25.30 GLUTTON
NAPOWRIMO 30/30 Home-stretch poems.
GLUTTON
It is Spring in Nineteen-Eighty-Something.
A man and a woman are on their fifth date.
The trees are pouting their cherry blossom lips
at every passerby. Calves and shoulders flirt
out of hibernation. The sun charms freckles
from beneath the skin like a lighter to tics.
The birds come back North, to New York,
and the Ice Cream Truck toots its American Anthem.
Hypnotizing children out of their houses, away
from their baseball diamonds, they wave their allowance
money like the tongue of a hungry dog. The couple
on their fifth date watch as a chubby boy teeters
down the street, the flesh tire of his middle poking out
between a striped t-shirt and khaki shorts
that don’t exactly meet. He sings his order:
a double cone. Chocolate and vanilla. Cherry-dipped.
Rainbow sprinkles. The cone looks like a carnival. And right
before he is about to lick his first heavenly lick, a surprise
of April’s cruel wind slaps it from his meaty fist. The street
is a massacre and the truck’s music is surely serenading another
town by now. The woman on the fifth date knows there is nothing
more tragic than this. But the man on the date throws
his head back and laughs. Don’t worry he bends down
to the boy. You didn’t need it anyway. Pokes his lard.

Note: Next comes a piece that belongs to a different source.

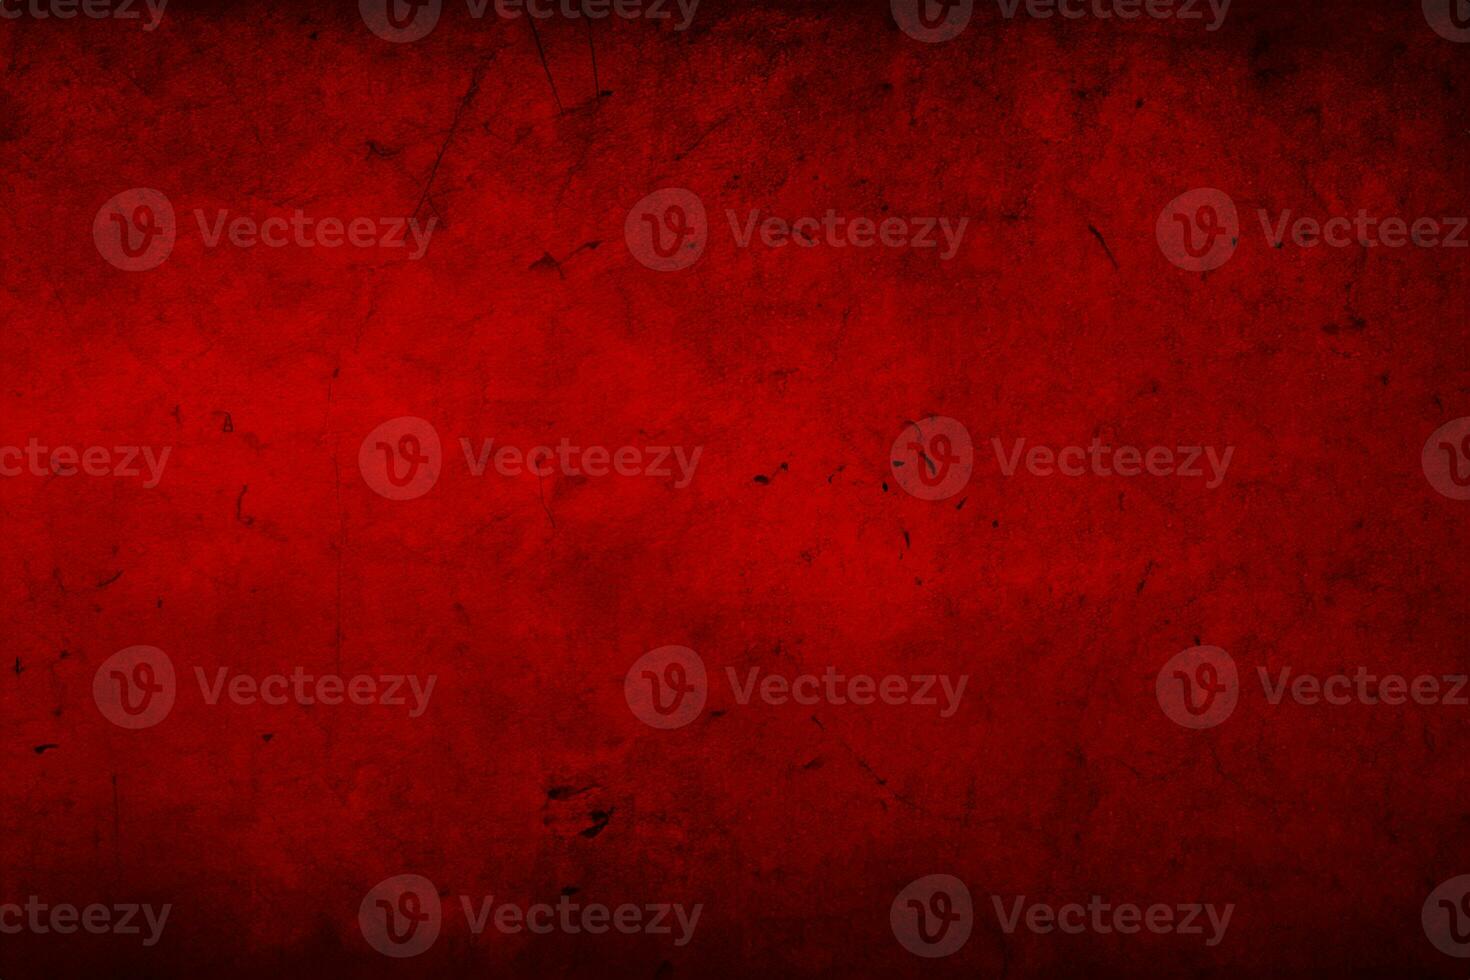 Red textured Christmas background photo

A year later, the woman marries the man regardless,
even though she tells this story as if she said I do
to a convicted murderer. They will have a daughter.
Inside her will live the little boy with the spilled cone.
He will always be hungry. She will have her mother’s heart
and will always feed him. She inherits the venom tongue
of her father. After I bury the boy in food, more, more
I taunt him. You didn’t need that, fatty. Look at all that
chocolate on your face. Whose going to love you now?